_WHAT YOU WILL DO_:
Please set down each of the lines below once more, exactly, omitting all pictures.

_EXERCISE DATA_:

++++++++

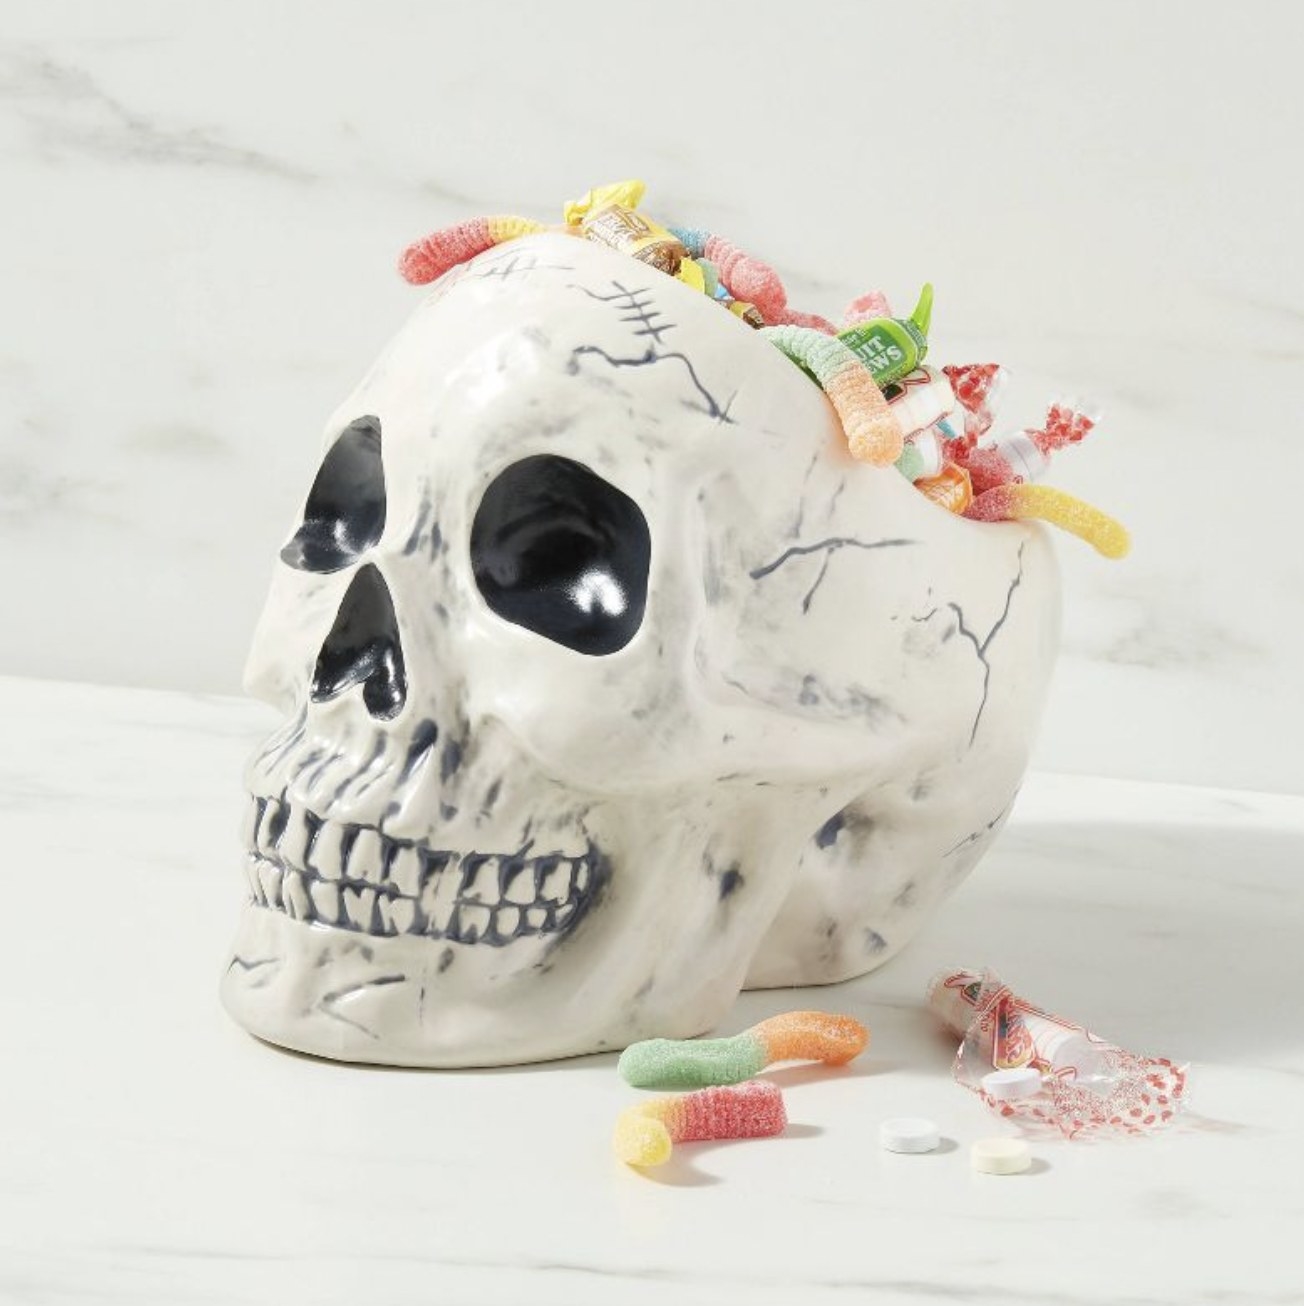 The skull dish with sour gummy worms bursting out the opening in the top
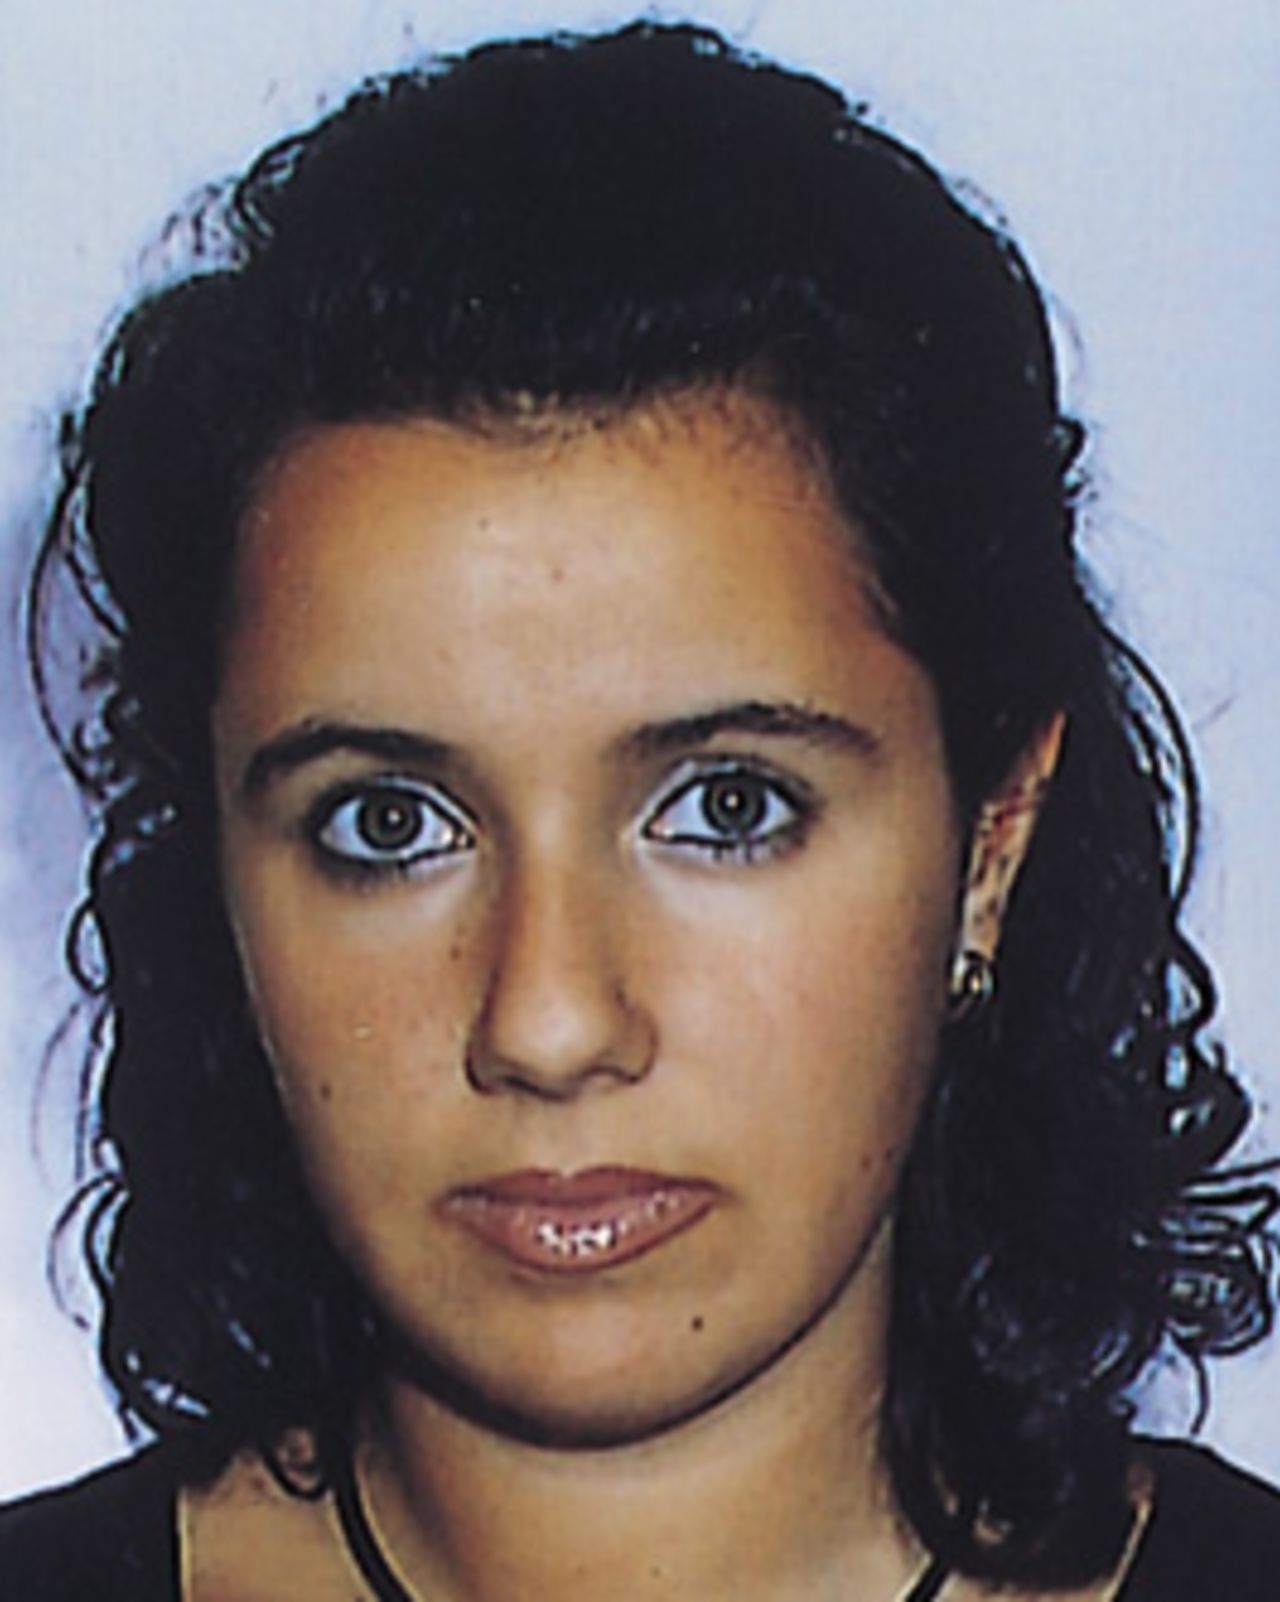 Portrait of Lara Molins - Ireland player in the CricInfo Women's World Cup 2000
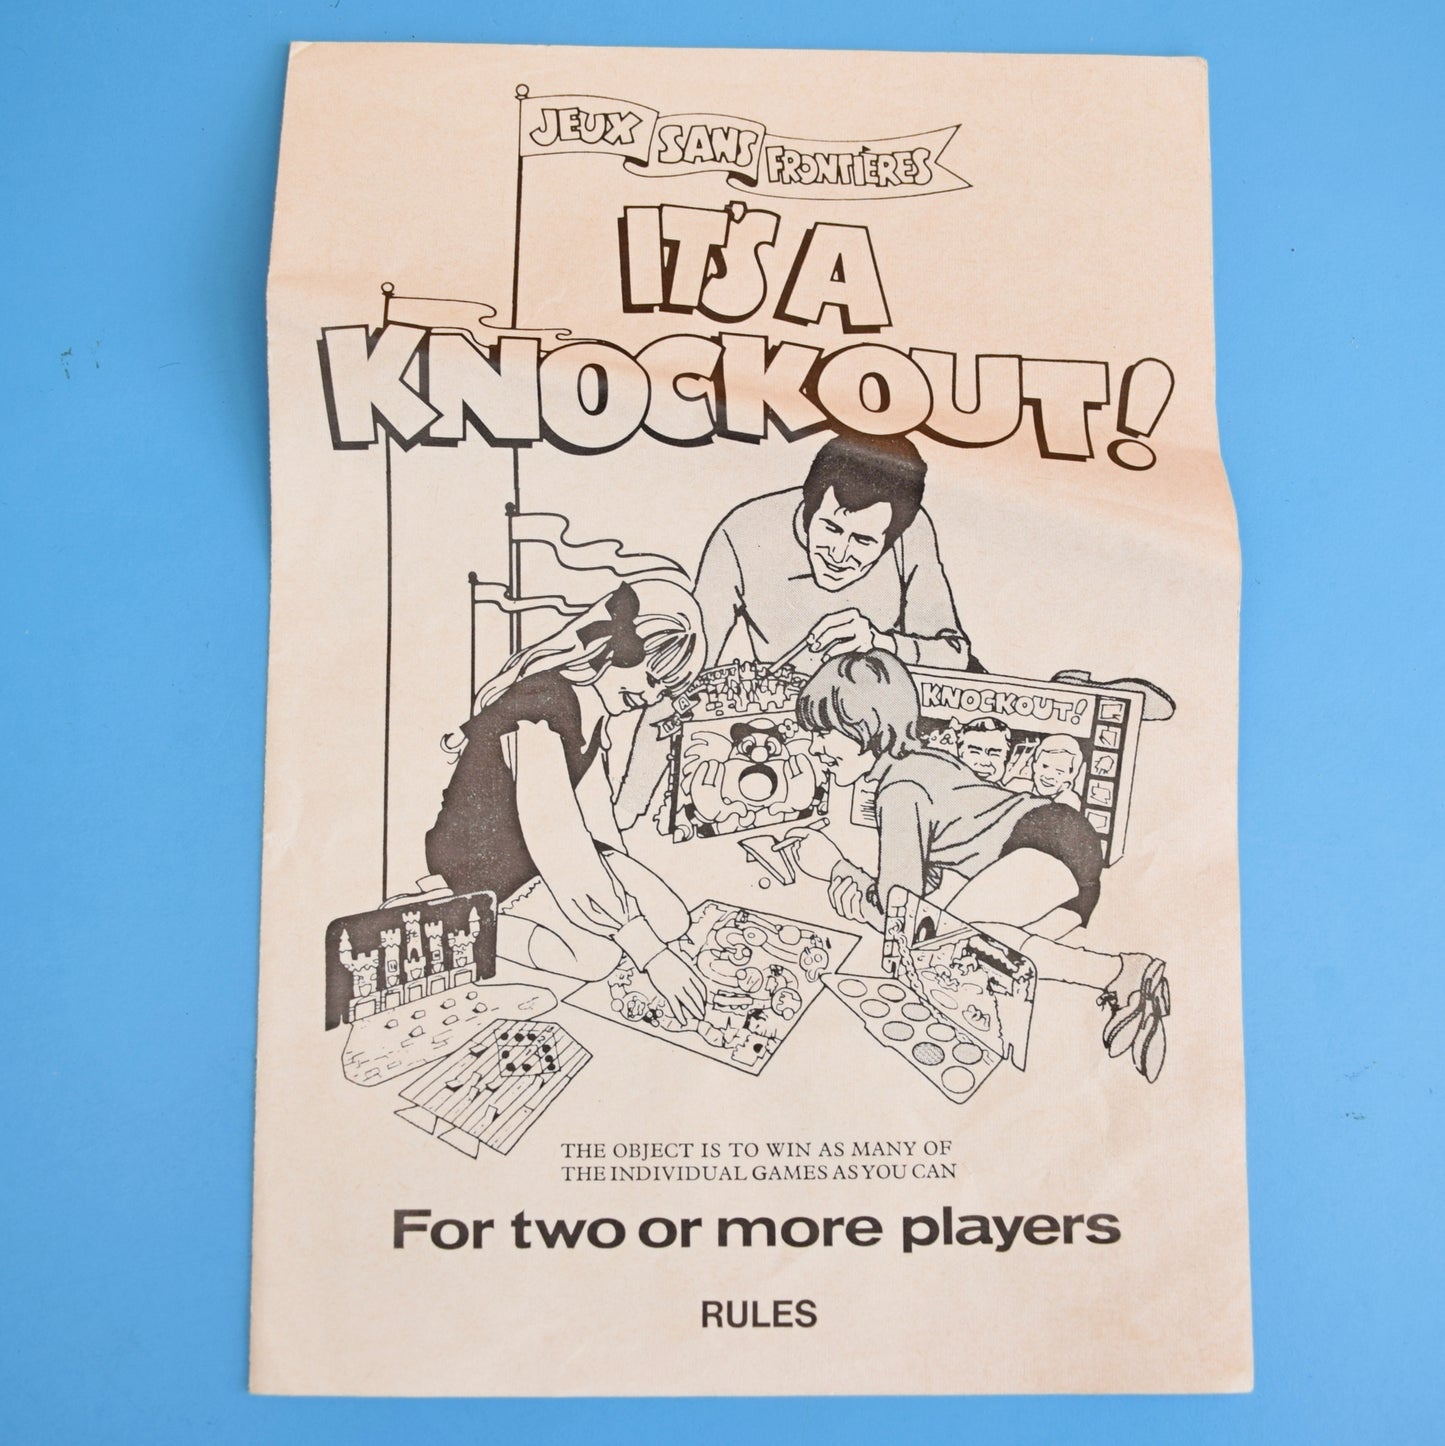 Vintage 1970s Game - Its A Knockout - Denys Fisher

++++++++

_REPLY_:
 The skull dish with sour gummy worms bursting out the opening in the top
 Portrait of Lara Molins - Ireland player in the CricInfo Women's World Cup 2000
 Vintage 1970s Game - Its A Knockout - Denys Fisher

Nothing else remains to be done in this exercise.